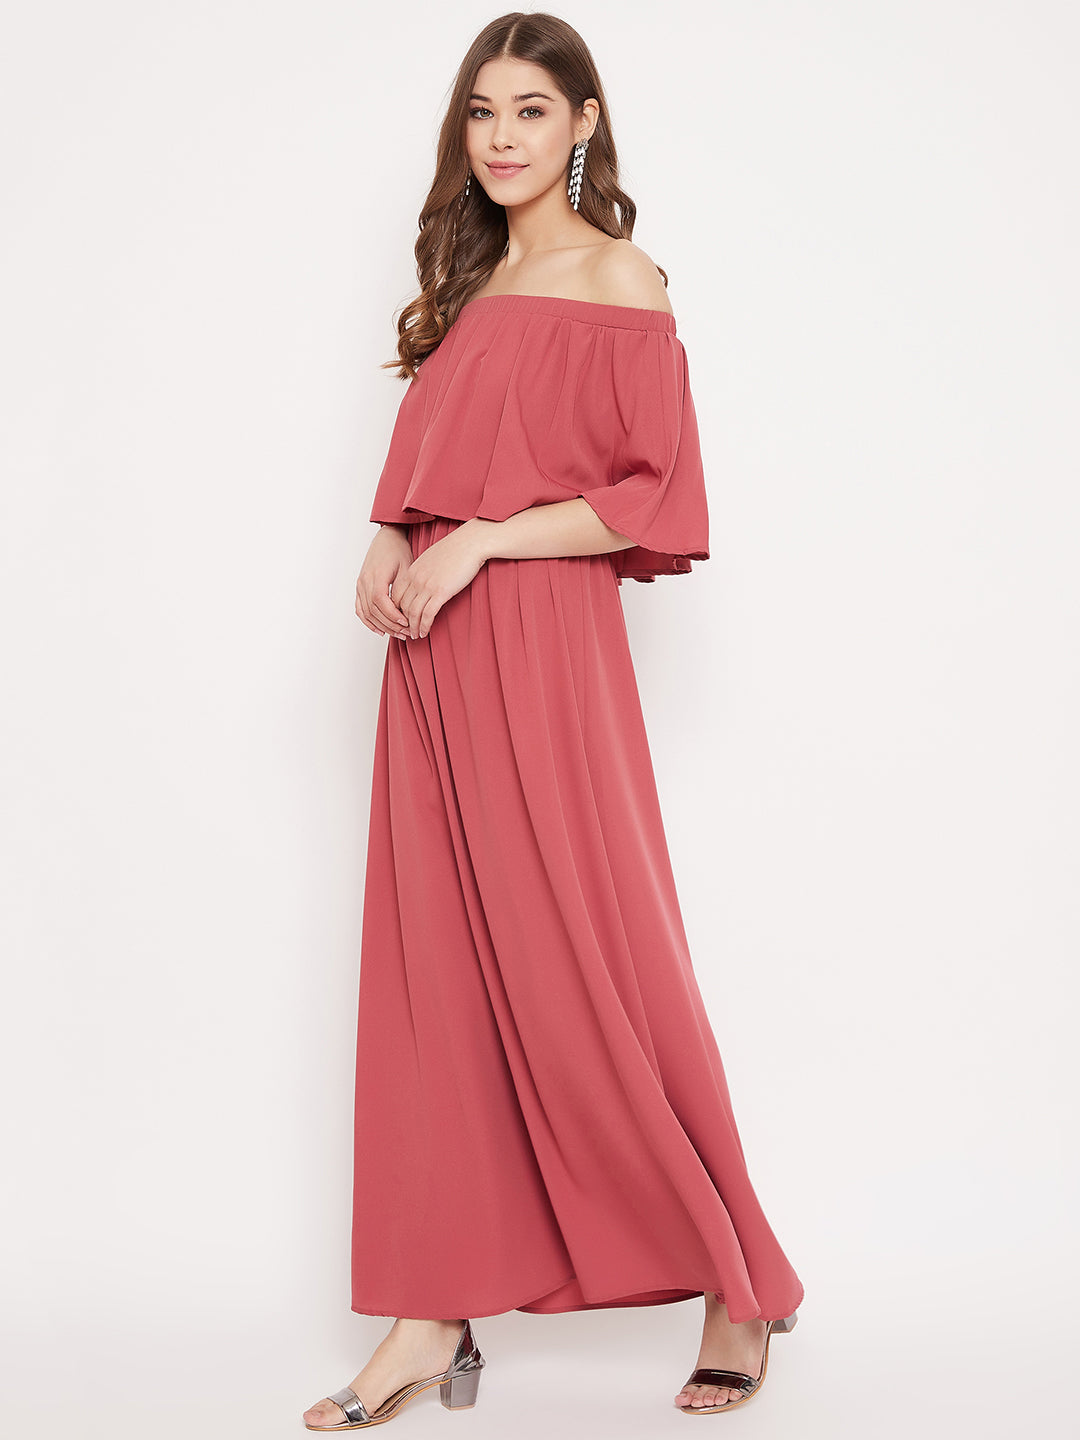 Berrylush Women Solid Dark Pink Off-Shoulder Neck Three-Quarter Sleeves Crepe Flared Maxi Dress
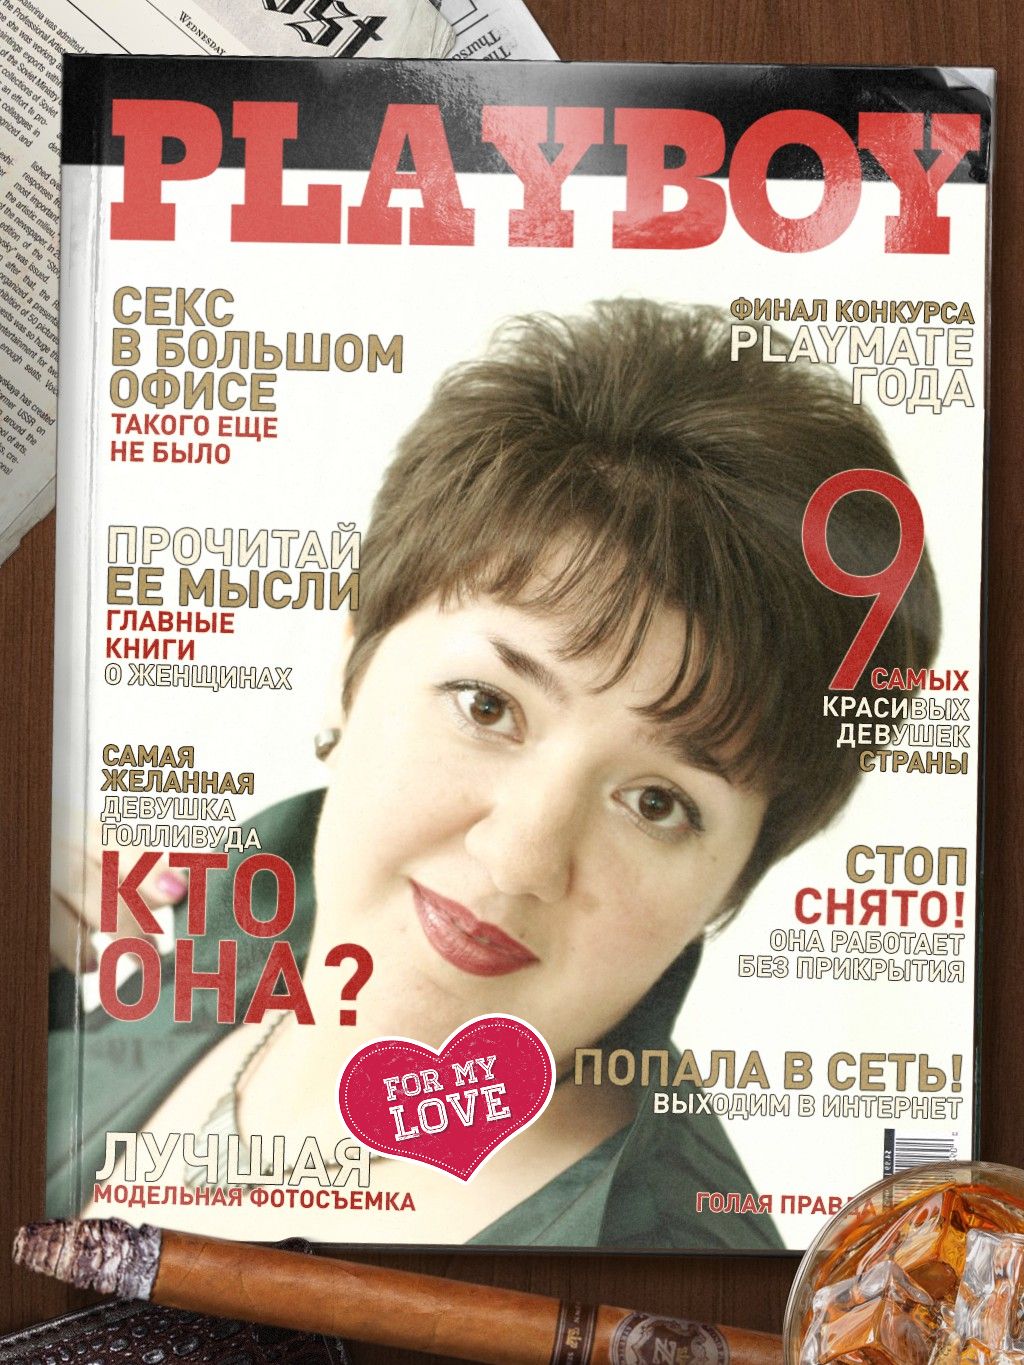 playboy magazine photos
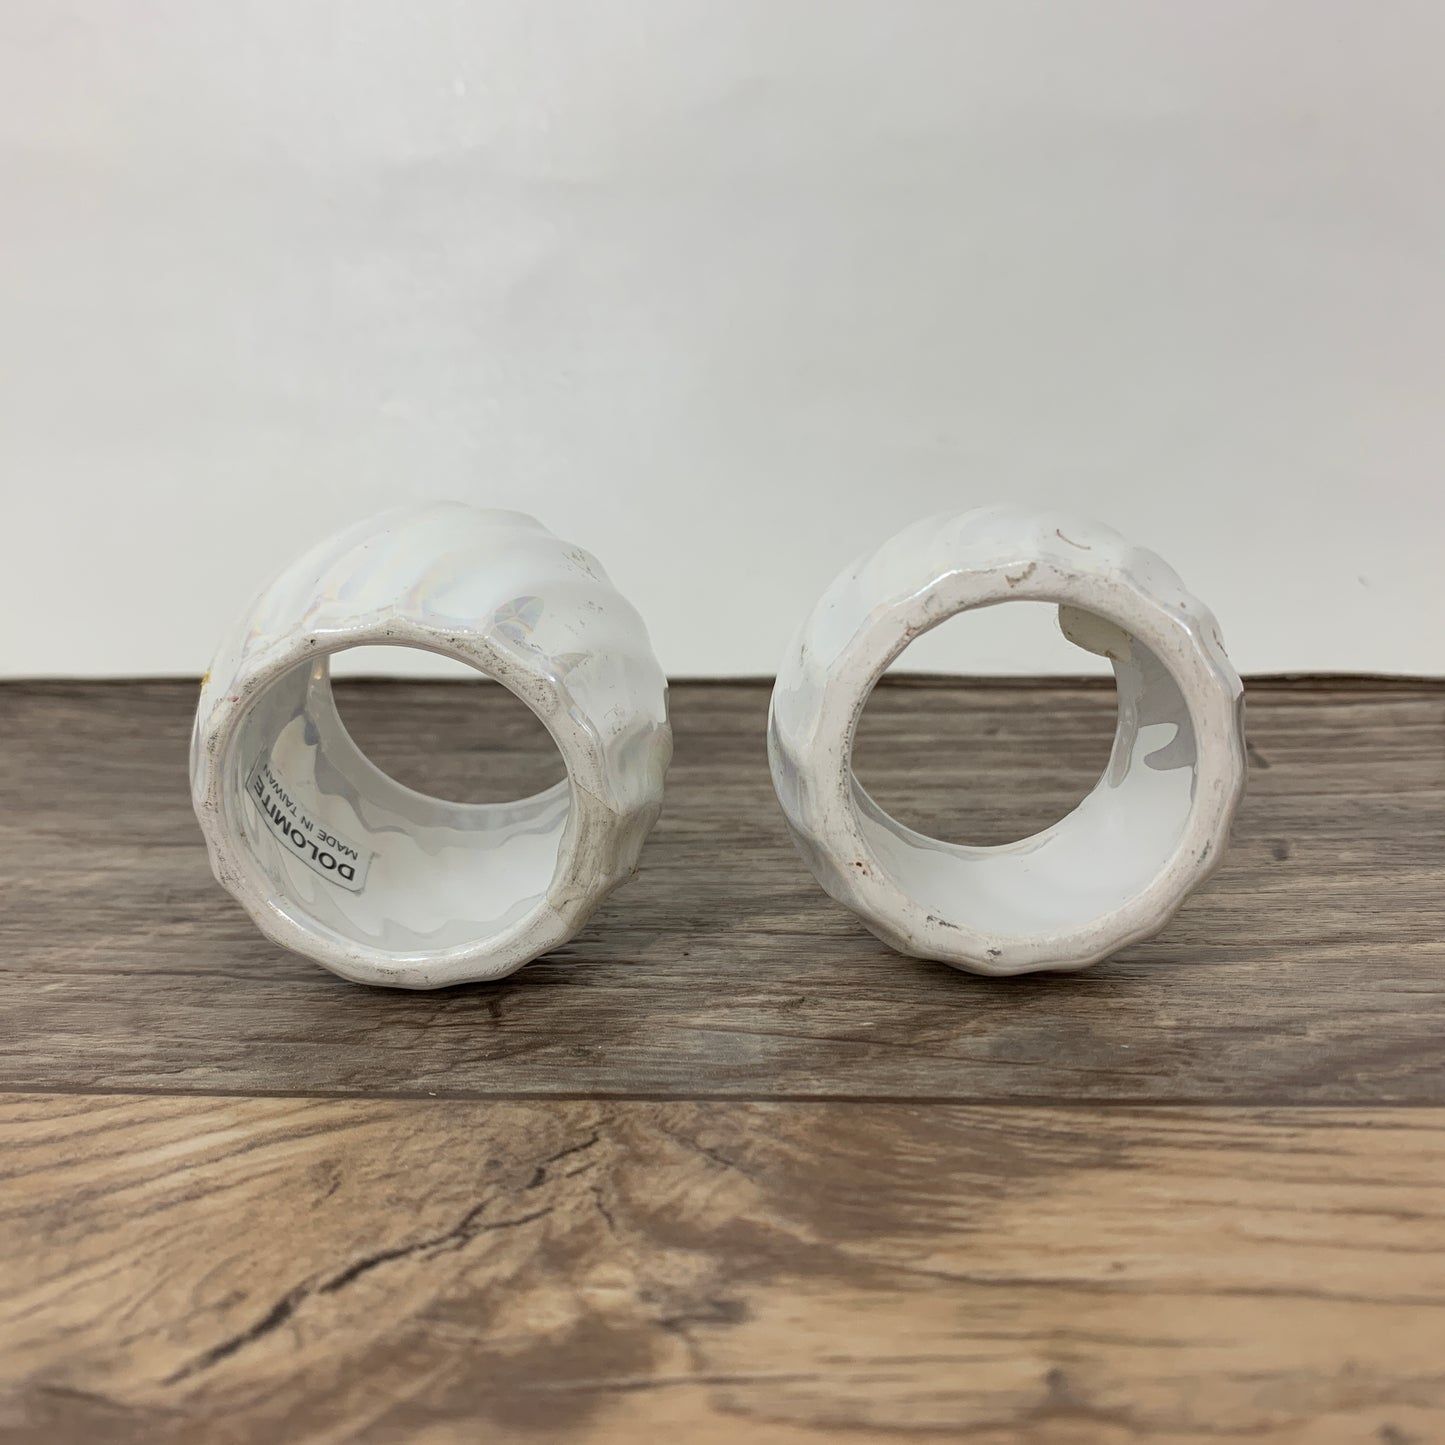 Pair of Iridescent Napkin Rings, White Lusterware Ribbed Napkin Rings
************
-- Task instructions --
Give the data again exactly, image-free.

-- Solution to this problem --
 Berrylush Women Solid Dark Pink Off-Shoulder Neck Three-Quarter Sleeves Crepe Flared Maxi Dress
 playboy magazine photos
 Pair of Iridescent Napkin Rings, White Lusterware Ribbed Napkin Rings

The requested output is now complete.